16. The method according to claim 12, wherein, The check process is performed when the maximum capacity exceeds the current capacity after a certain period expires.

17. A method for detecting blockage in a heat exchanger, the method comprising: The cooling system is operated in a stable state, and a first set of current operating parameters of the cooling system is recorded as a first set of expected operating parameters, wherein the first set of expected operating parameters includes an indication of a first capacity when the first set of current operating parameters is recorded. Determine the current capacity of the cooling system; The second set of expected operating parameters is calculated at least in part based on the current capacity; A first set of extrapolated expected operating parameters is created by extrapolating the first set of expected operating parameters based at least in part on the difference between the current capacity and the first capacity.

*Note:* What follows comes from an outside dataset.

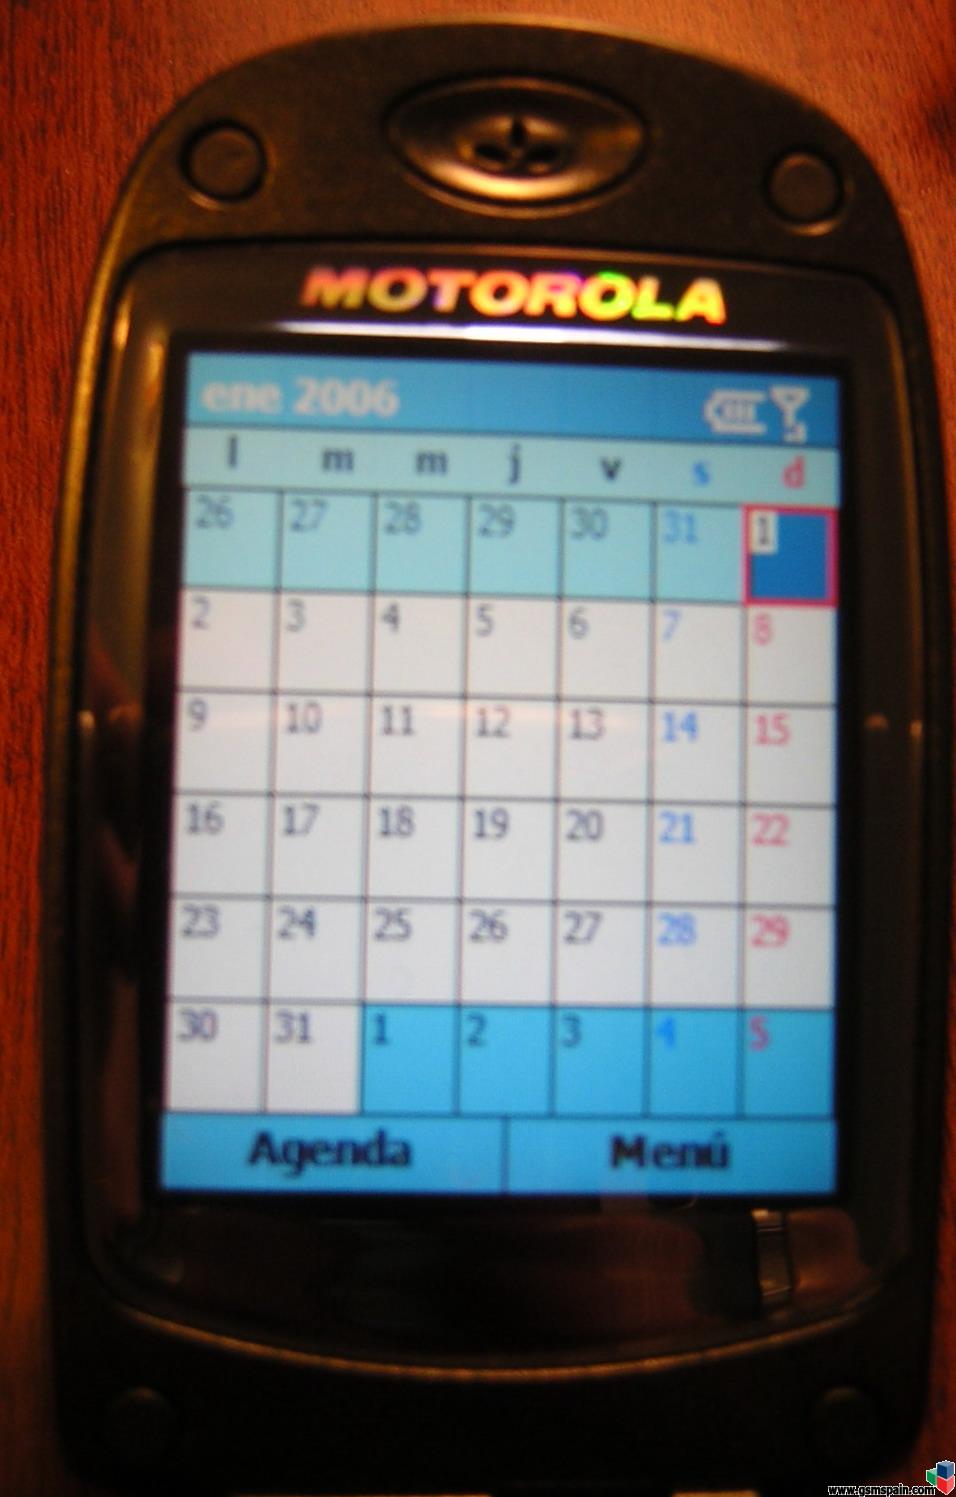 *** Motorola MPX200 Libre + SD128 (Muuuchas fotos) ***

Detect the second set of current operating parameters of the cooling system; Compare the second set of current operating parameters with the first set of extrapolated expected operating parameters and the second set of expected operating parameters; and Heat exchanger blockage is identified at least in part based on the comparison.

18. The method according to claim 17, wherein, The identification includes: determining that the second group of current operating parameters exceeds a first threshold of the first group of extrapolated expected operating parameters, or determining that the second group of current operating parameters exceeds a second threshold of the second group of expected operating parameters.

19. The method of claim 17, wherein, The identification includes: determining that the second group of current operating parameters exceeds a first threshold of the first group of extrapolated expected operating parameters, and determining that the second group of current operating parameters exceeds a second threshold of the second group of expected operating parameters.

20. The method of claim 17, wherein, The identification includes: determining that the second group of current operating parameters exceeds the first group of extrapolated expected operating parameters and the first threshold of the second group of expected operating parameters; determining that the second group of current operating parameters exceeds the second threshold of the first group of extrapolated expected operating parameters; or determining that the second group of current operating parameters exceeds the third threshold of the second group of expected operating parameters, wherein the second threshold is greater than the first threshold and the third threshold is greater than the first threshold.